(This post originally appeared on Inc.)
Netflix has just confirmed everyone’s worst fear about the cloud.
Make no mistake, Netflix is a cloud-based application. It delivers (and collects) data online for a monthly fee. At work, I get data about my customers, suppliers, employees, activities, and emails streamed to me. At home, I get the same information — except it’s about Kimmy Schmidt, Queen Elizabeth, and a bunch of teenagers in the ’80s exploring the Upside Down. Different data, same type of delivery. It’s all on the cloud.
This past week, Netflix did something that makes me — and many of my business clients who rely on their cloud-based accounting, customer relationship management, collaboration, and email systems — shudder. The company raised its prices. A lot. Thirteen to 18 percent, or about two bucks a month for the typical subscriber.
That’s a bad, bad sign.
Why? Because we’re all going to pay it. I certainly am. Like my company’s cloud-based systems, I’ve come to rely heavily on Netflix. What will happen to those women in prison? Will there be another visit to Hill House? Is Jane really a virgin? Who the hell is Jane? Will Jason Bateman finally accept that the new episodes of Arrested Development suck and instead just focus on Ozark because that show is awesome? Forget religion, pets, children, and sunsets. Netflix has become my reason for existence. Here, take the extra two bucks. Just gimme Kimmy.
The sad thing is that not only does Netflix know this but so does Microsoft, Amazon, and Google, the three largest providers of web-based services. So also do Salesforce.com, NetSuite, Square, Intuit, Dropbox, and hundreds of other cloud-based systems that have become mission critical to businesses like mine. The people who are running those companies are not only watching Mindhunter on Netflix (it’s about psycho-murderers, and hopefully you’ve picked up the irony) but they’re also licking their chops.
Why? Because, trust me, the CEOs at each of those companies are saying to their minions: Hey, if Netflix can raise prices, so can we! Sure, we may take a little heat. But our bulging bank accounts will make up for that. And besides, what are people going to do? Leave us? Naaaaah. They’ll just pay.
And we will. Don’t believe me? Well, Google just followed Netflix and announced an increasein its business G Suite prices. Here we go …
That’s the worst thing about the cloud. It’s not about security or performance. It’s about the loss of control. Once our businesses move to a cloud-based system, then we’re addicted to it, just like Californians have become addicted to Jane the Virgin, which confirms many of the suspicions I’ve had about the people who live there.

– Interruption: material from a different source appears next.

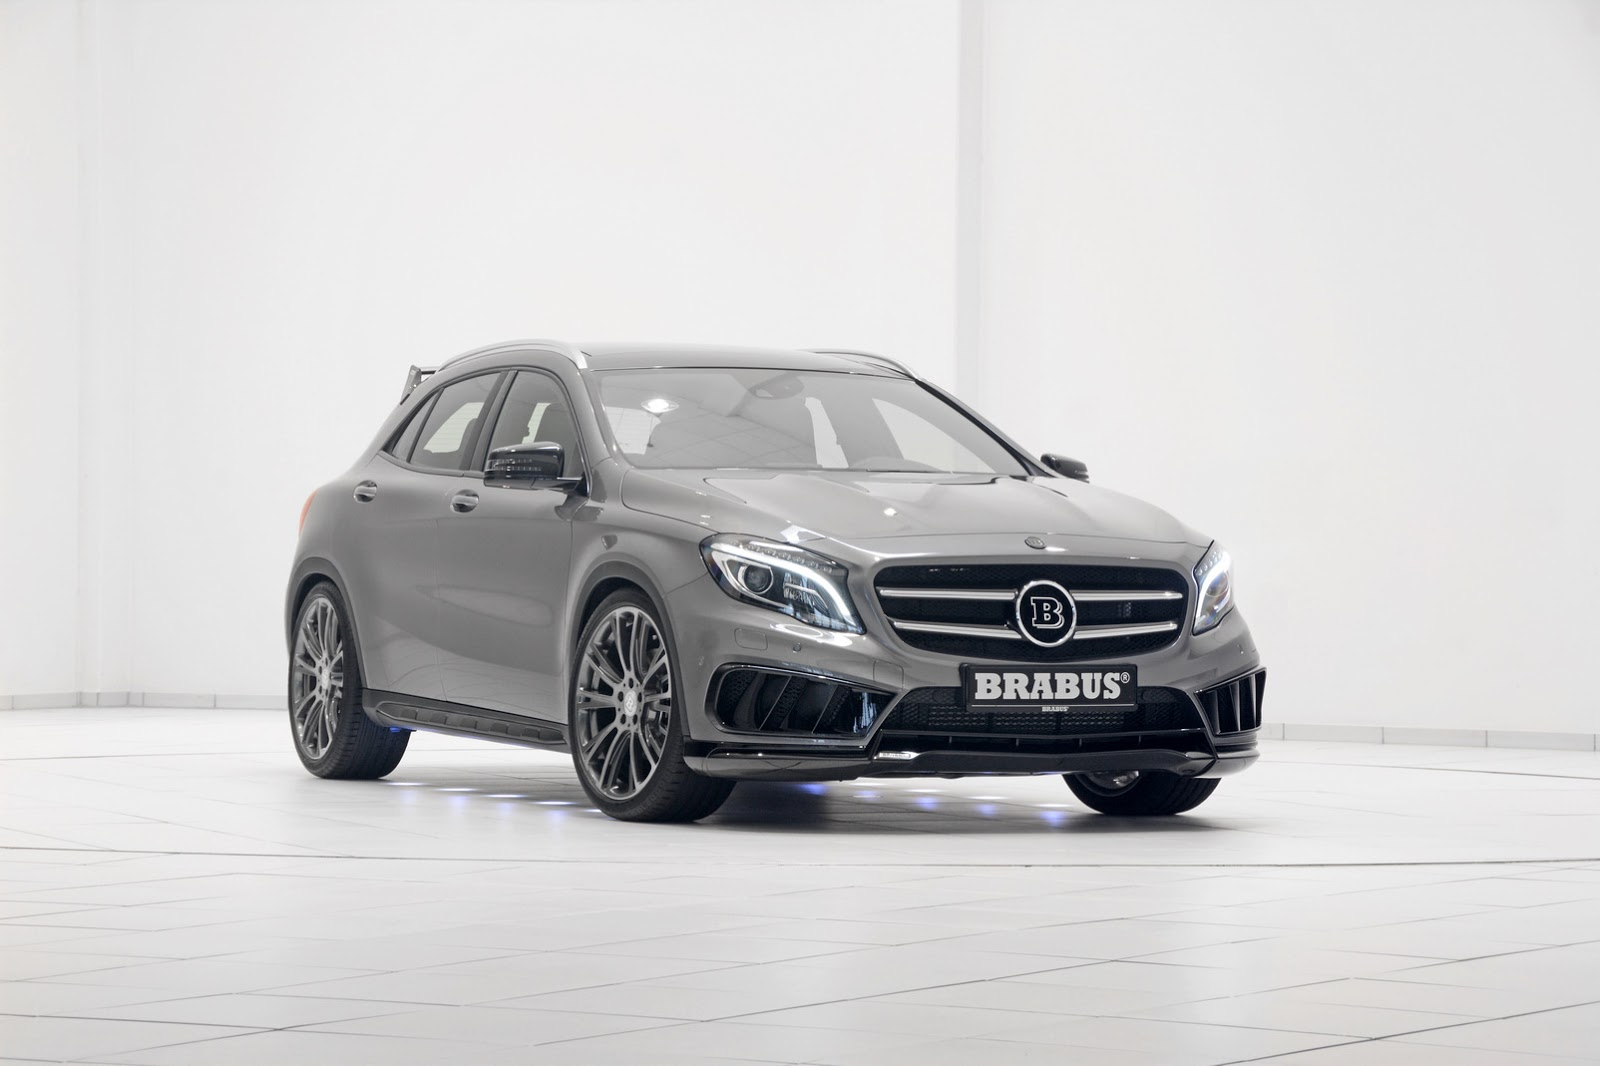 Official 2015 Brabus Mercedes Benz Gla45 Amg Gtspirit

As a business person, you will do what the rest of us Netflix users are doing when you face an inevitable increase of your monthly fees. You will continue to drink the Kool-Aid and pay your dues. With a cloud-based application, you’ve given up the control of your IT expenses to some creep in Silicon Valley who will adjust your monthly fees on the basis of his (yes HIS, because it’s Silicon Valley after all) mortgage, yacht payments, and alimony. It’s all about control, and Netflix raising its prices just proves that we — the cloud customers — have very little control over what our cloud vendors can charge us. We’re stuck.